In the last 4 months I have had some very vivid dreams. Apon waking, during two of these vivid dream occurences I've recalled 2 names of people that I have never met nor have ever heard of before in my life. Somehow I know they exsist or have exsisted. So I googled them. 

Georgia Means
Ida Abrams

Strange.... Ida came up a few times but Georgia had one legitimate entry on a family tree.

Any thoughts about these occurences? Apon waking I was very adamant about remembering and repeating these names....

----------


## Burns

Do either of those names mean anything to you? If not, you may have heard them sometime during the day and incorporated them into your dream. Maybe you will learn the meaning of these names in the future since you were so intent on remembering them after waking up. Or maybe it was just one of those freak dream things that happen for no apparent reason. I've had dreams with people I don't know, and a couple of names I didn't recognize. Sorry I can't give you a satisfactory answer, but since no one has answered you yet, I felt obligated to throw you something! Good luck.   :smiley:

----------


## orionvega

Neither of the names mean anything to me, really. I'm sure I could come up with something if I really stretched it. Apon waking, I KNEW these names were somehow significant and that I should remember them, not just as names but as they really exist. In this particular dream, I myself, was a convict in prison. A large long haired, and greying man, a pirate type. It was one of the first occurences where I was actually able to document my appearance in such detail. In "real life" I am not a pirate type, nor even a man. In the dream, as this convict, I knew Georgia Means. 

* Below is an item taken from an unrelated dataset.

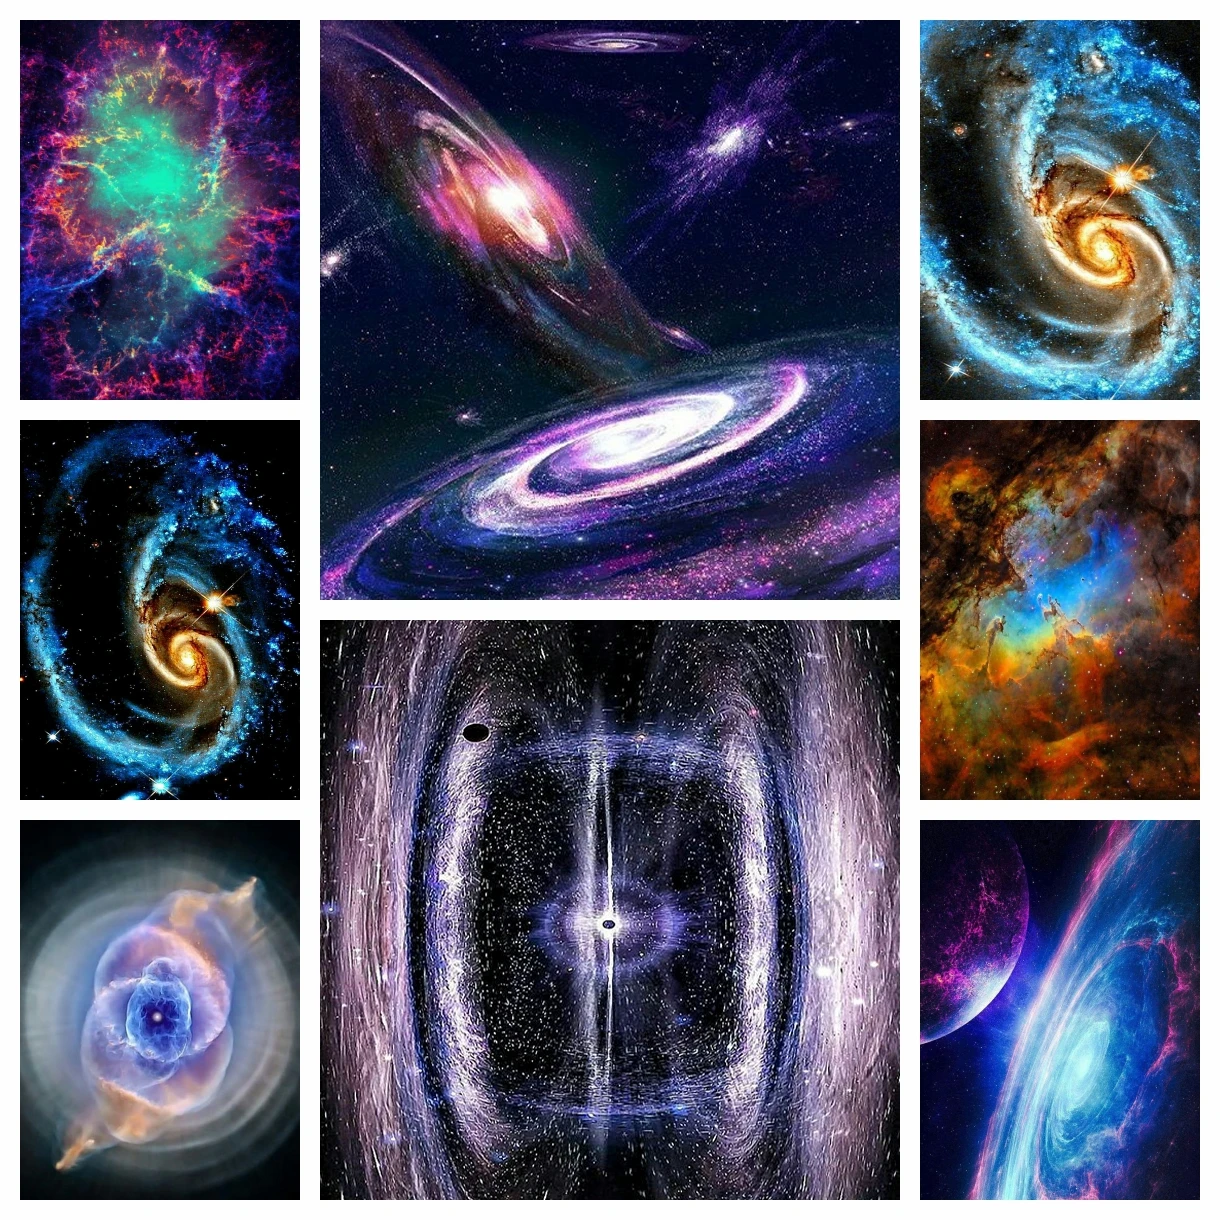 Space Galaxy View Poster 5D Diamond Painting M42 Great Orion Nebula Picture Full Drill Mosaic Embroidery Cross Stitch Kits Home

   It's very strange to me, but has had some huge significance in my dream life, I don't think I'll ever forget it.

Thanks for the reply....

----------


## Ubik

I had quite a strange dream where the film director Richard Linklater told me to check out a new band he'd heard. They were called 'The New People' he told me I'd really like them. weird   ::shock::

----------


## orionvega

The New People was a very very short lived ABC television series which aired from September 22, 1969 to January 12, 1970 and almost nobody remembers. The New People was an Aaron Spelling production about a *band* of young college students who, on their way home from a goodwill tour to South East Asia, crashed on a deserted South Pacific island named Bomao.


weird...

----------